I need a confirmation about one fact. In the page 10 of Fermi white paper, we can see an diagram concept of scheduler. If we take in consideration it, each instruction rectangle represent a package of instructions for each CUDA core? Or, it’s a instruction package for one CUDA Core at the time? I’m trying to figure out what it happen exactly.

Each rectangle represents 16 copies of the same instruction sent to 16 cores within the same SM.

Because there are 32 cores in the SM, both schedulers can send a total of 32 instructions to cores at the same time.
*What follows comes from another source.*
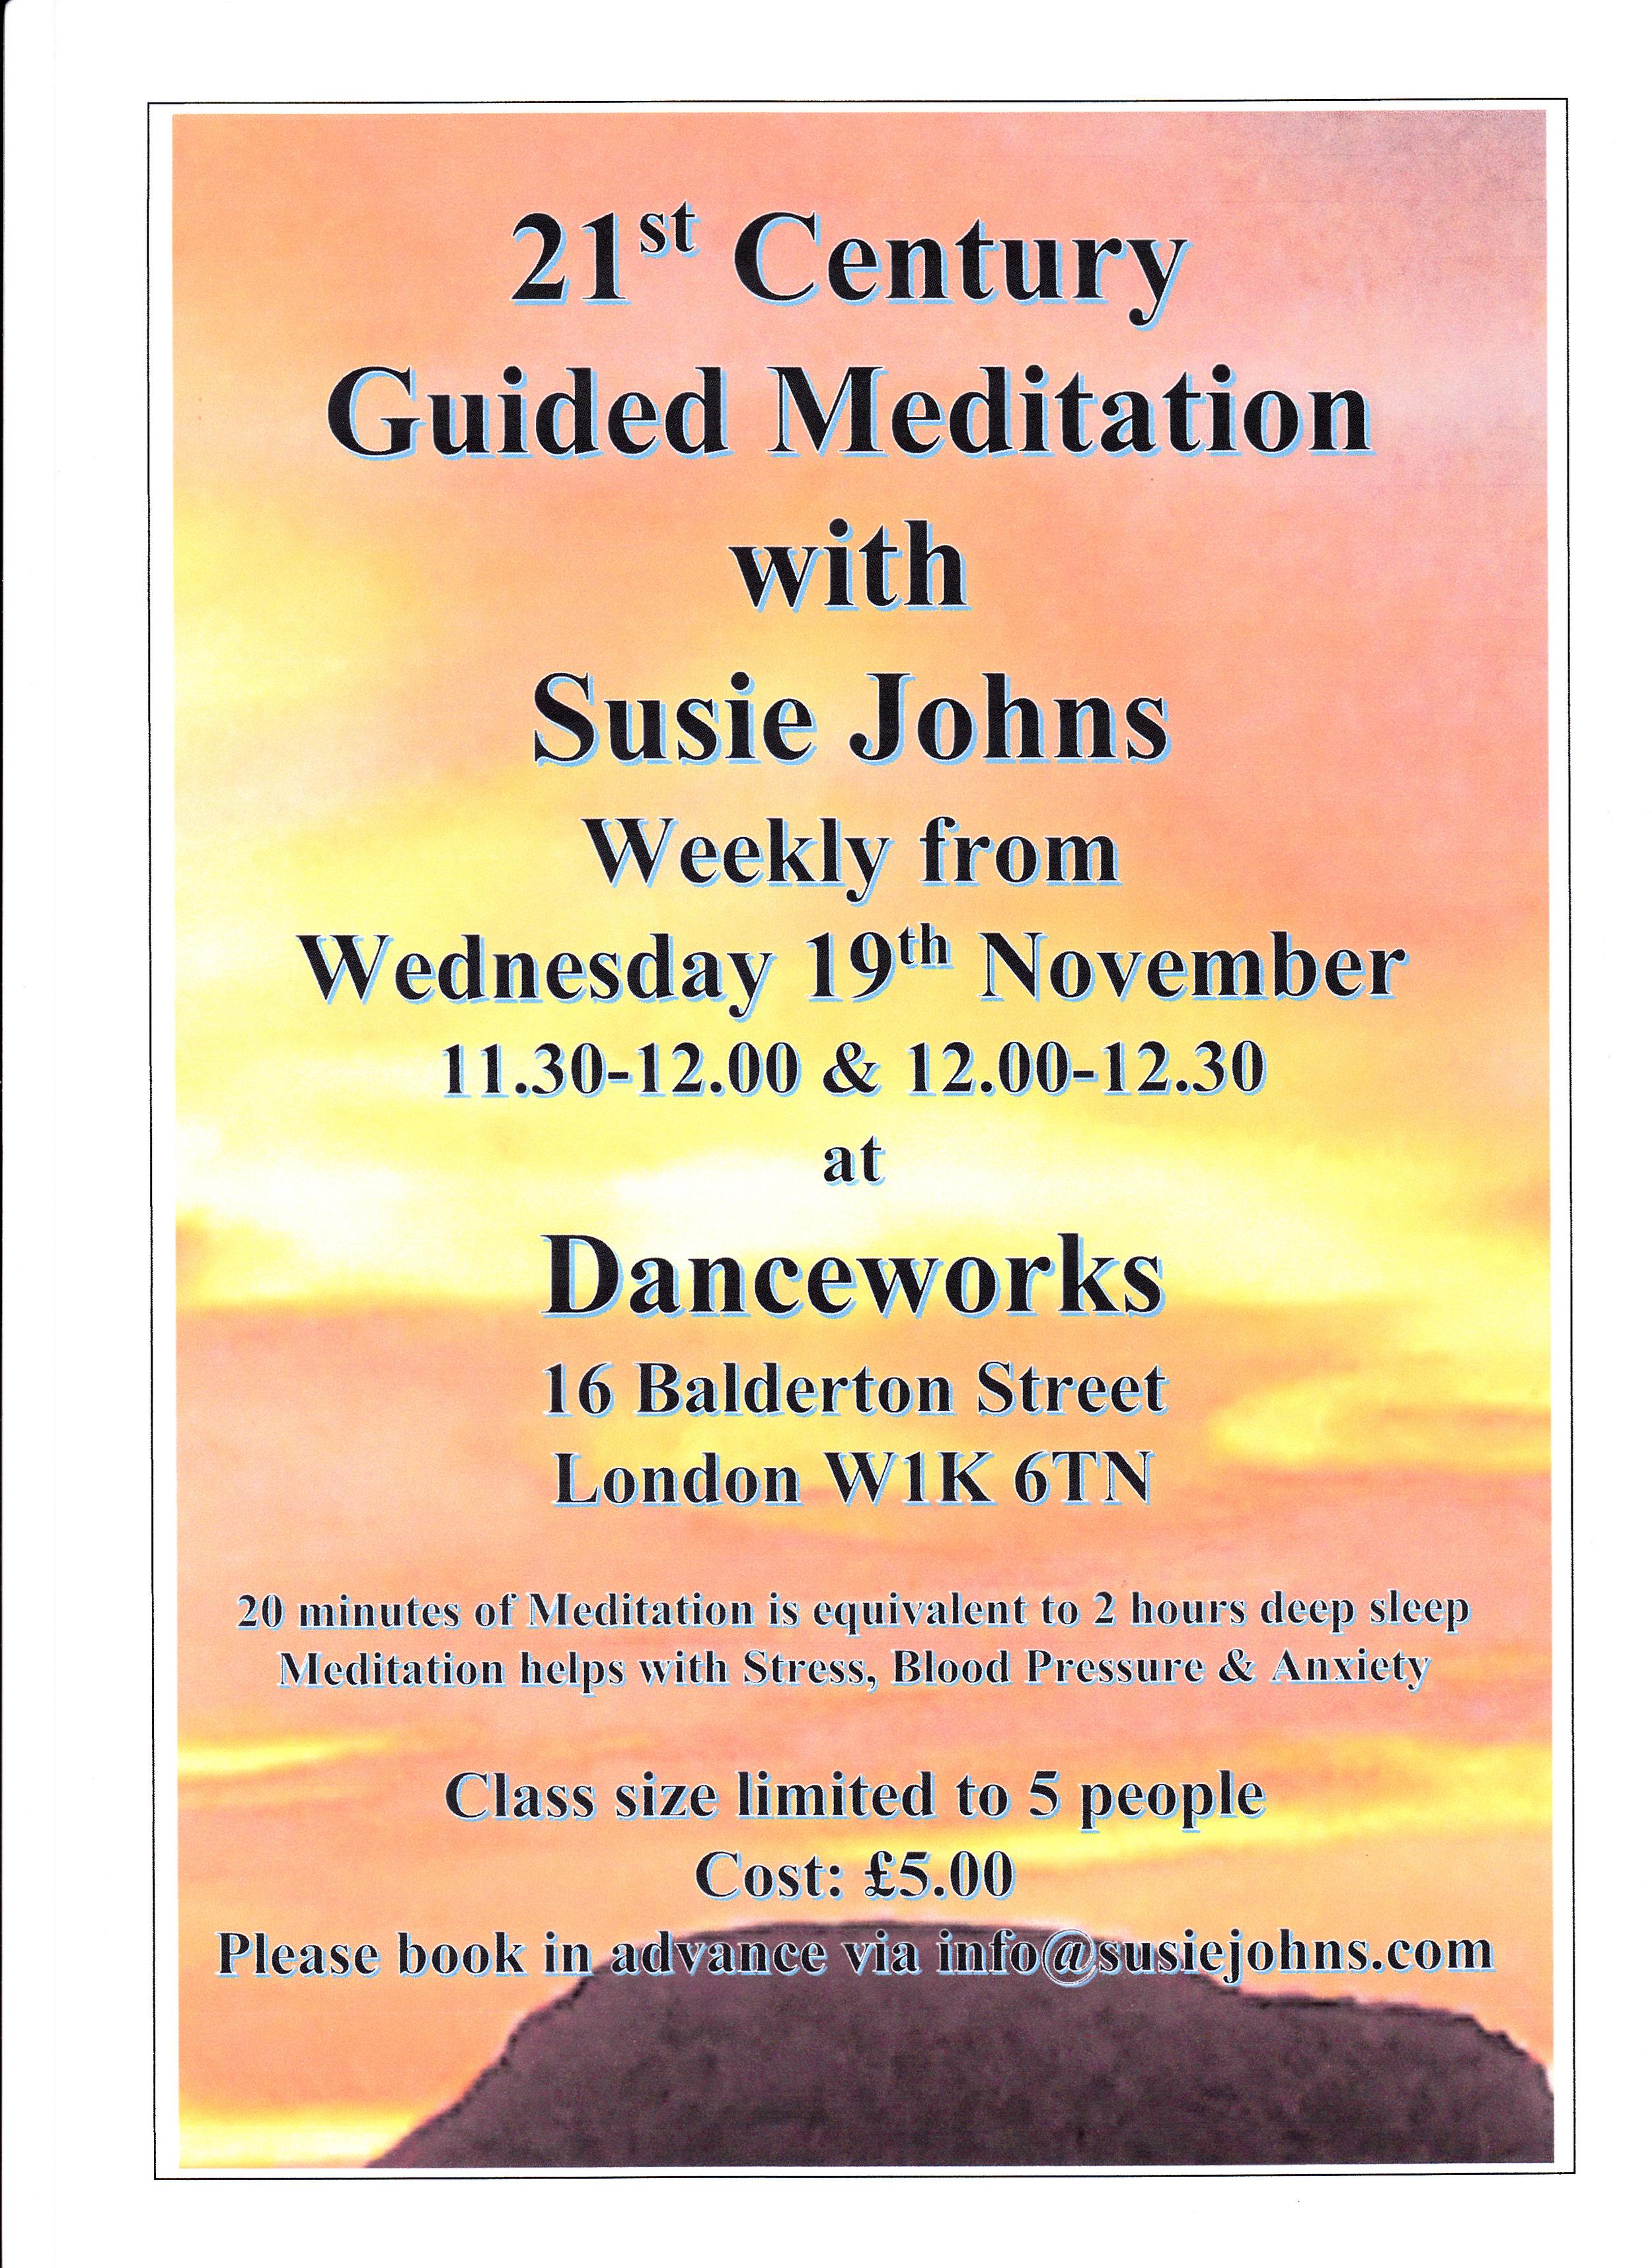 Danceworks Meditation Poster

To quote the programming guide: “At every instruction issue time, each scheduler issues:
 One instruction for devices of compute capability 2.0,
 Two instructions for devices of compute capability 2.1,
for some warp that is ready to execute, if any. The first scheduler is in charge of the warps with an odd ID and the second scheduler is in charge of the warps with an even ID. Note that when a scheduler issues a double-precision floating-point instruction, the other scheduler cannot issue any instruction. A warp scheduler can issue an instruction to only half of the CUDA cores. To execute an instruction for all threads of a warp, a warp scheduler must therefore issue the instruction over two clock cycles for an integer or floating-point arithmetic instruction.”

I understand! Thank you very much!